→ **Your instructions**
What you need to produce from the material below is an exact transcription of the lines from the one with "Yin Yang Black" through the one with "Disaster Survivor Assistance", both included, and no other line.
---
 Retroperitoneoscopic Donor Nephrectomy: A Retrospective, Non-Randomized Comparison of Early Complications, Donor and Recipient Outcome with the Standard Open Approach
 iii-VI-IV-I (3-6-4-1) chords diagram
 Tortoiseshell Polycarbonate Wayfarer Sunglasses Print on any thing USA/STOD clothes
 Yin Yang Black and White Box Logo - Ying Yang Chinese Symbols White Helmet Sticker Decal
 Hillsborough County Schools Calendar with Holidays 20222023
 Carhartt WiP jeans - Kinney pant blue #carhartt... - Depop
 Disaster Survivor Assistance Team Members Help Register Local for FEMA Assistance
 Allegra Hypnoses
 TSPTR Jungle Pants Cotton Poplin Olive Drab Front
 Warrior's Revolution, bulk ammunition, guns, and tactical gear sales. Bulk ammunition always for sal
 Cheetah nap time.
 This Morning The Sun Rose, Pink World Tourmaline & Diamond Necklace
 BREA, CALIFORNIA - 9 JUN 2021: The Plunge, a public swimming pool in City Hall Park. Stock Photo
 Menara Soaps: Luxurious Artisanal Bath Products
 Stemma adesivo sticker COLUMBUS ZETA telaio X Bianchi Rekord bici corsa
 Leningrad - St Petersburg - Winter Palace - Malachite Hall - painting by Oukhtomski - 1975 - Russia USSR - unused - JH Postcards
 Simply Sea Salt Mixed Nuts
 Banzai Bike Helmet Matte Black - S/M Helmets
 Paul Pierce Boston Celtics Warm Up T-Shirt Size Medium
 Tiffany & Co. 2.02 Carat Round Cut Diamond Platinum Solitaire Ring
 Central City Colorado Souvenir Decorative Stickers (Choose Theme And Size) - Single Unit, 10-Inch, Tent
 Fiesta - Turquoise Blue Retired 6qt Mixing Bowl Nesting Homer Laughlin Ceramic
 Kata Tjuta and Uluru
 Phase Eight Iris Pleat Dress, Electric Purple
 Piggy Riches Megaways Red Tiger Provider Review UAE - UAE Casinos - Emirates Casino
---
→ **Task result**
 Yin Yang Black and White Box Logo - Ying Yang Chinese Symbols White Helmet Sticker Decal
 Hillsborough County Schools Calendar with Holidays 20222023
 Carhartt WiP jeans - Kinney pant blue #carhartt... - Depop
 Disaster Survivor Assistance Team Members Help Register Local for FEMA Assistance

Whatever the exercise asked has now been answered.